TASK STATEMENT - In the records below, find the line with "Cute girl by Dem0nxAngexl" and repeat exactly every line from it through the line with "Suporte para luneta". Pictures stay out.

GIVEN DATA -
● ● ●

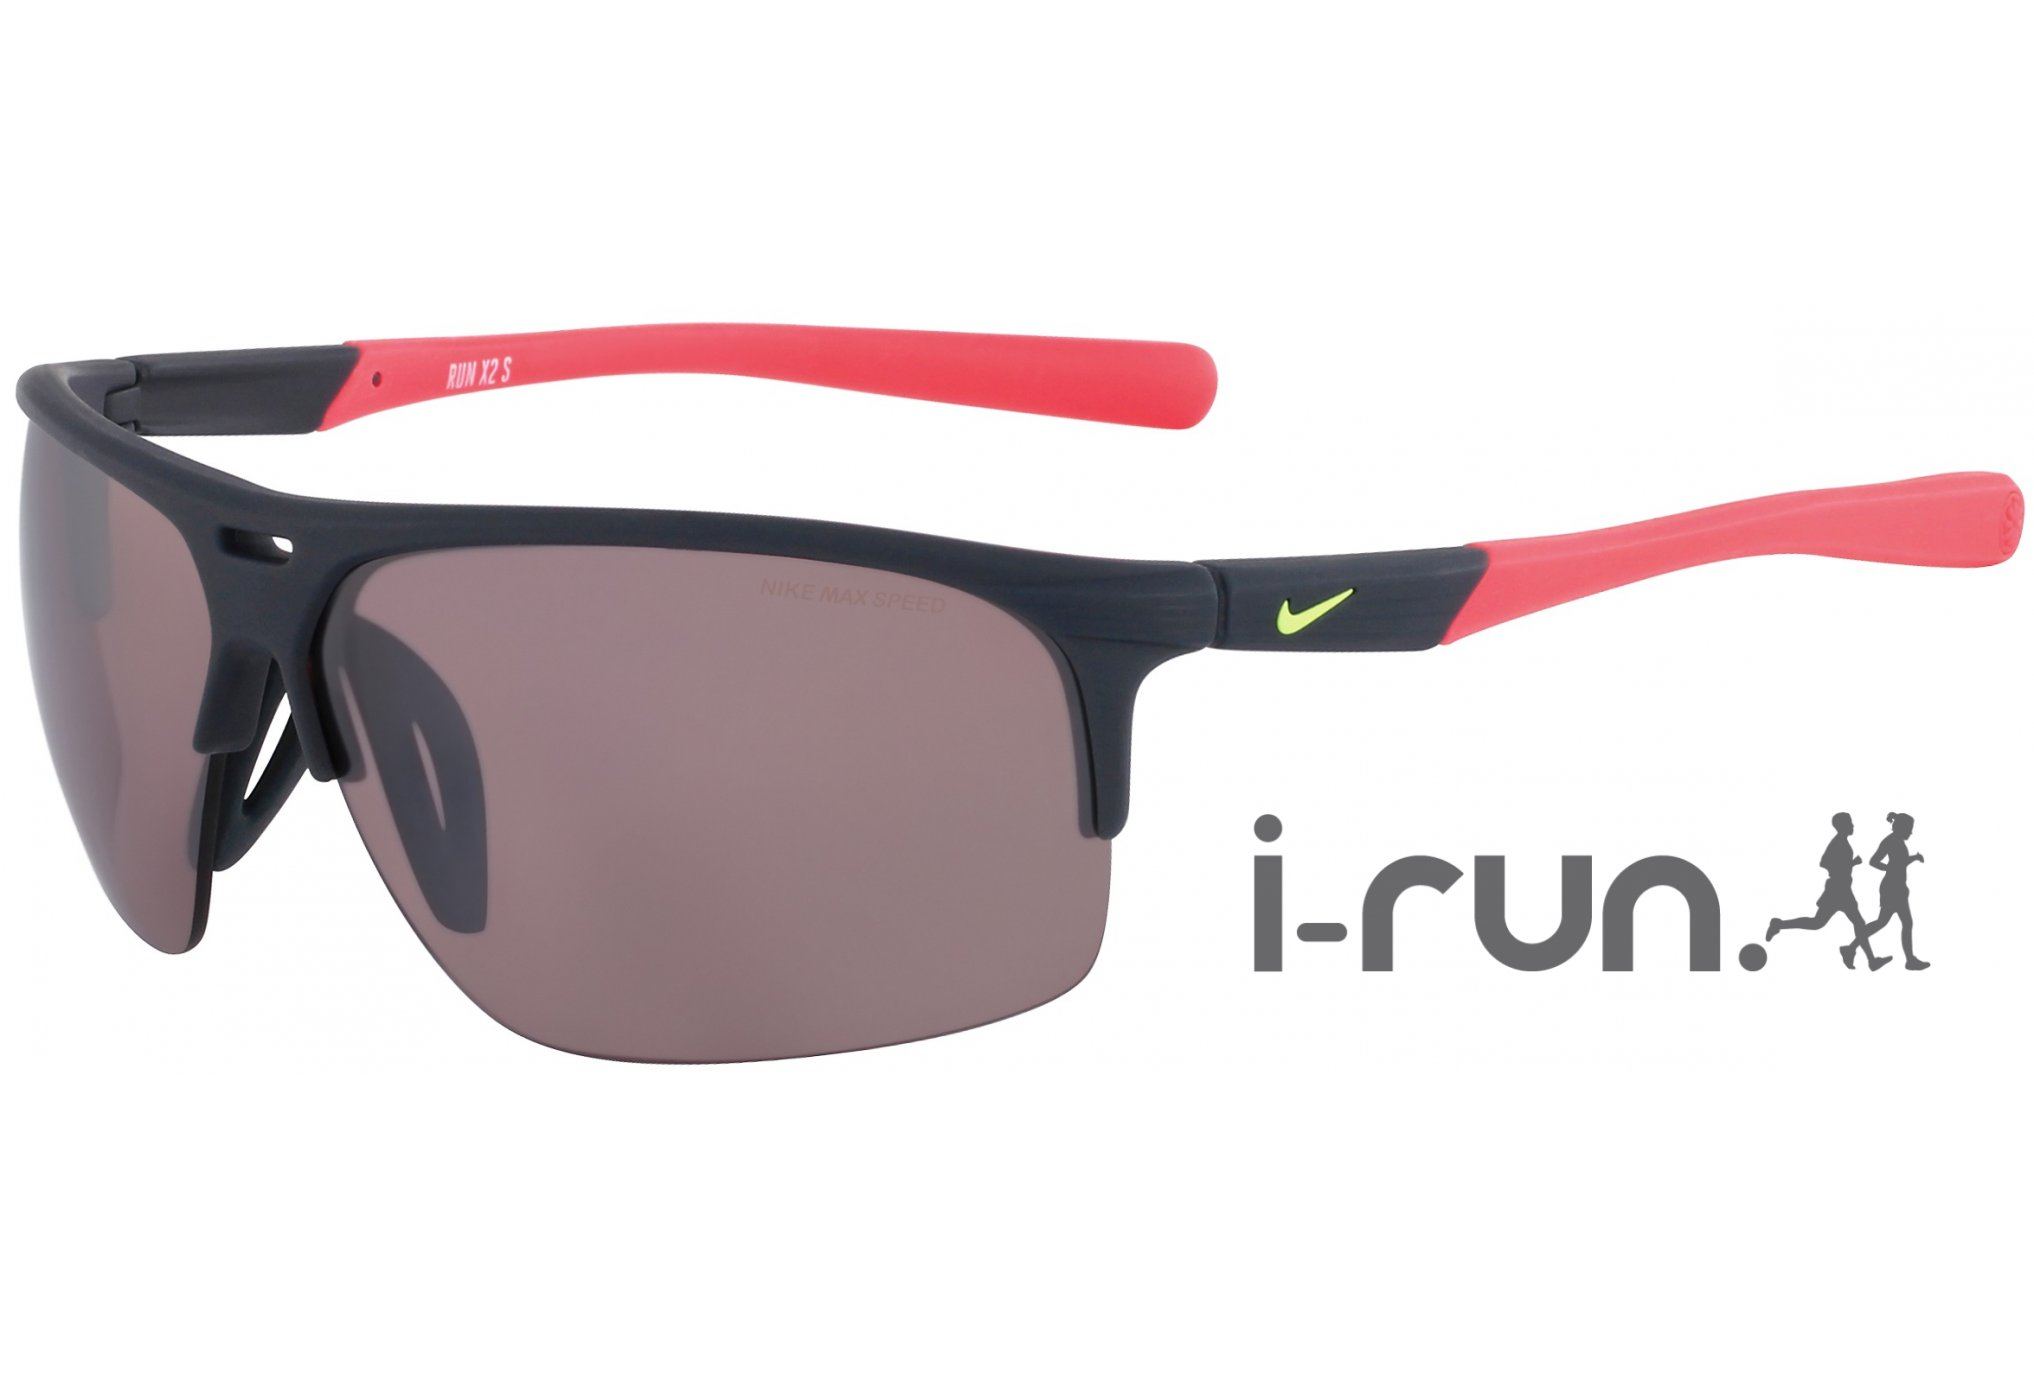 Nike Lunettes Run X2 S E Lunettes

● ● ●

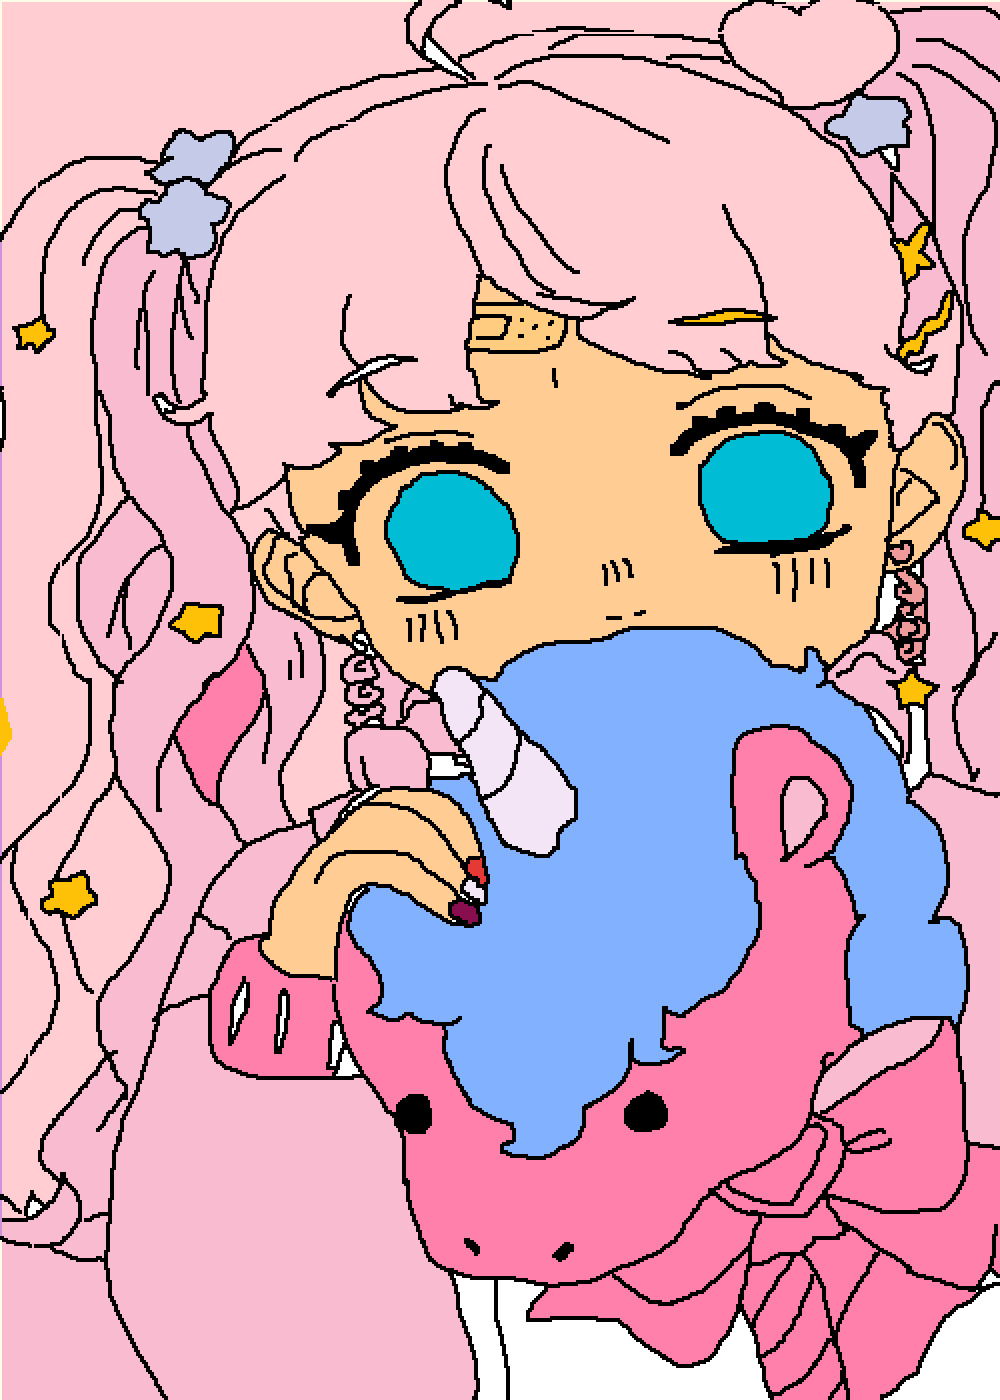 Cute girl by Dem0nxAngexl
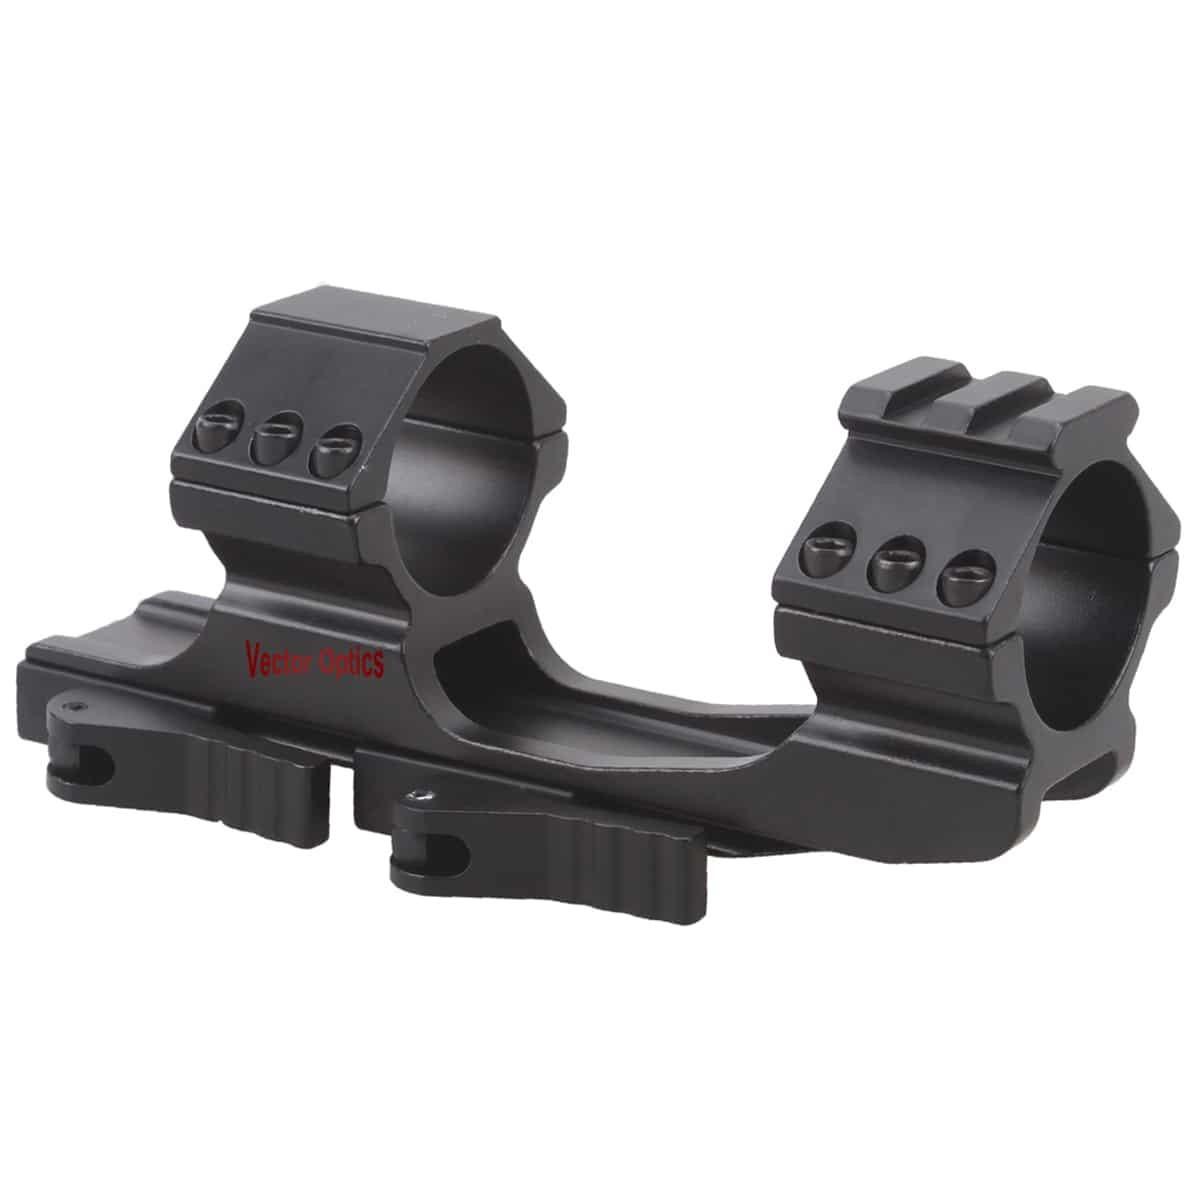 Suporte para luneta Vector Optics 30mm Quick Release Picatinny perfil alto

● ● ●

ANSWER BOX -
 Cute girl by Dem0nxAngexl
 Suporte para luneta Vector Optics 30mm Quick Release Picatinny perfil alto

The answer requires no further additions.